(Beginning of Records to use)
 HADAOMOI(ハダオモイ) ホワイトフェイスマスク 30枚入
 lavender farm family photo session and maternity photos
(End of Records to use)
(Beginning of Records to use)
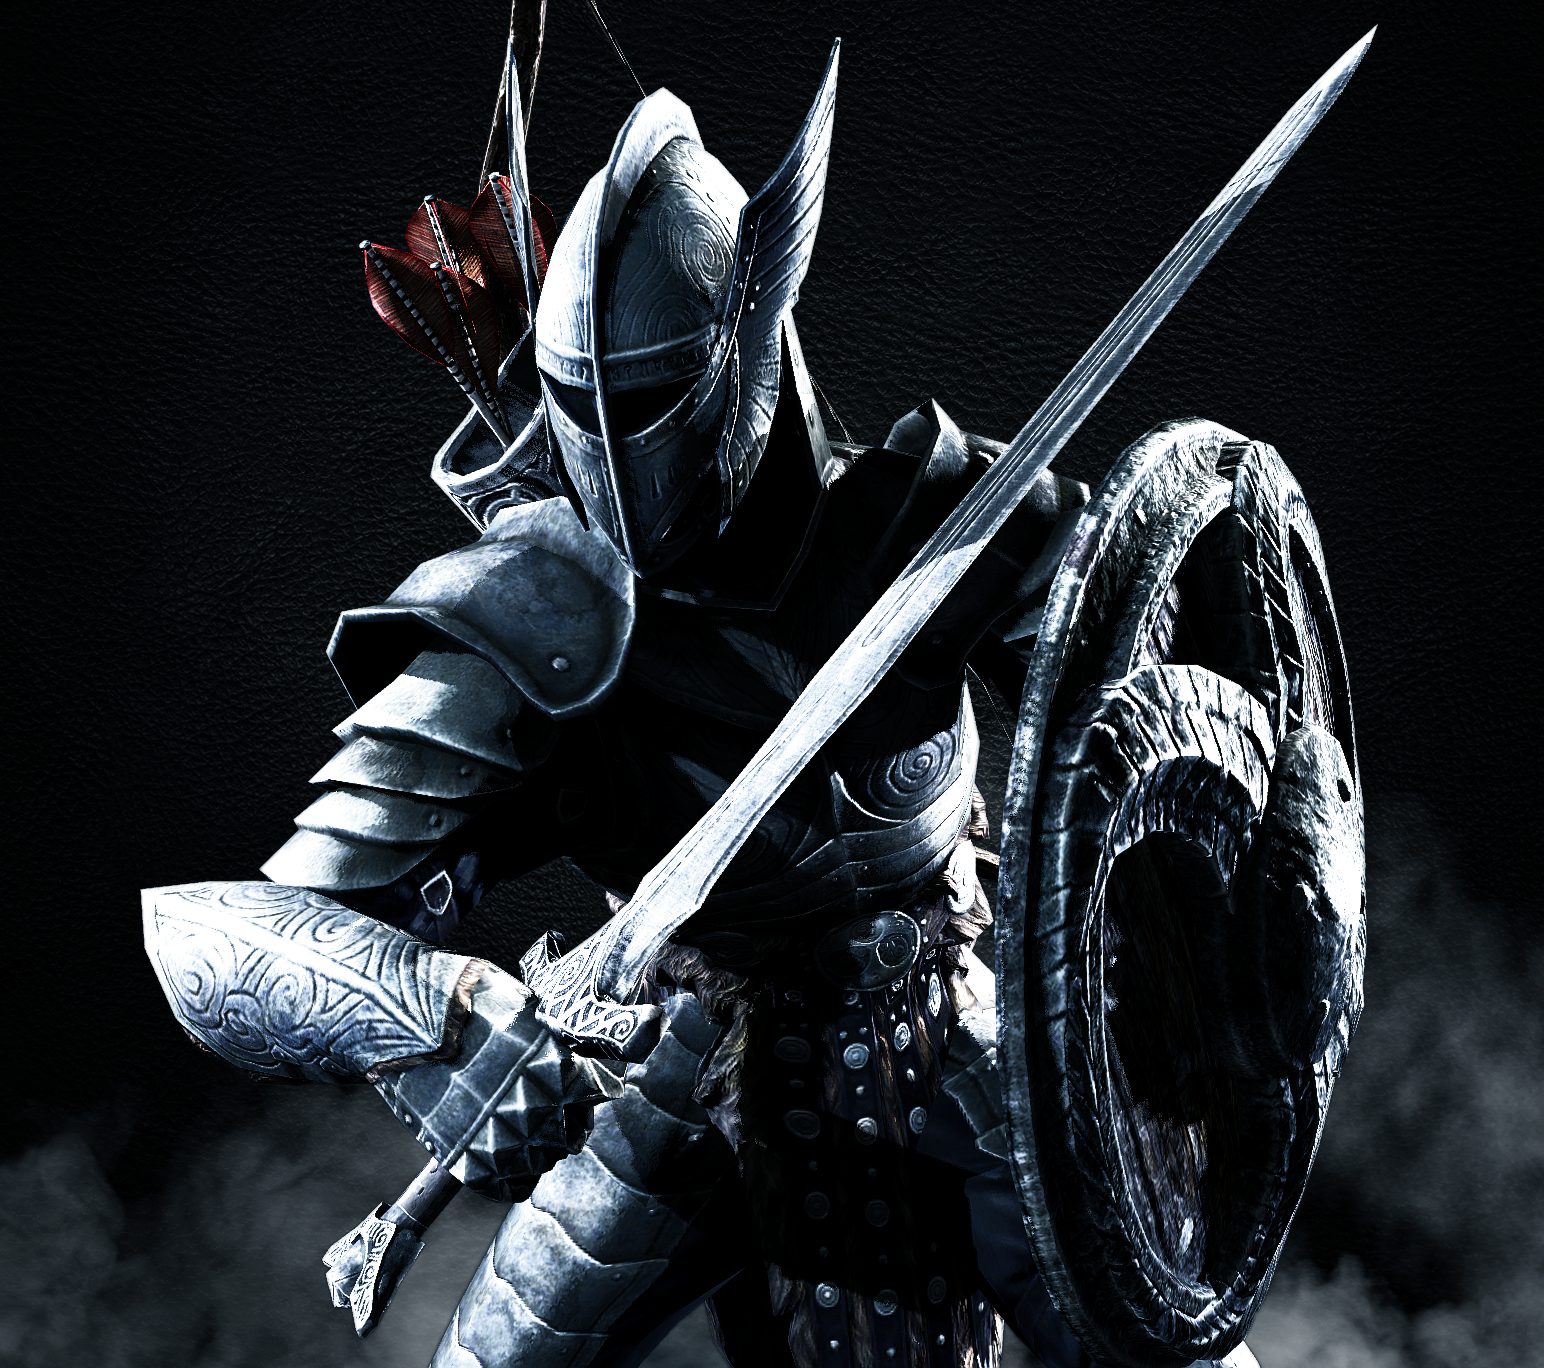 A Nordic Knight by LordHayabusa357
(End of Records to use)
(Beginning of Records to use)
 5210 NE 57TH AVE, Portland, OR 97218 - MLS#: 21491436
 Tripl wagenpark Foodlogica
(End of Records to use)
= What the exercise asks =
Retype exactly the span of lines from the one with "HADAOMOI(ハダオモイ) ホワイトフェイスマスク 30枚入" through the one with "lavender farm family"; include both ends and omit the rest of the material.

= Exercise response =
 HADAOMOI(ハダオモイ) ホワイトフェイスマスク 30枚入
 lavender farm family photo session and maternity photos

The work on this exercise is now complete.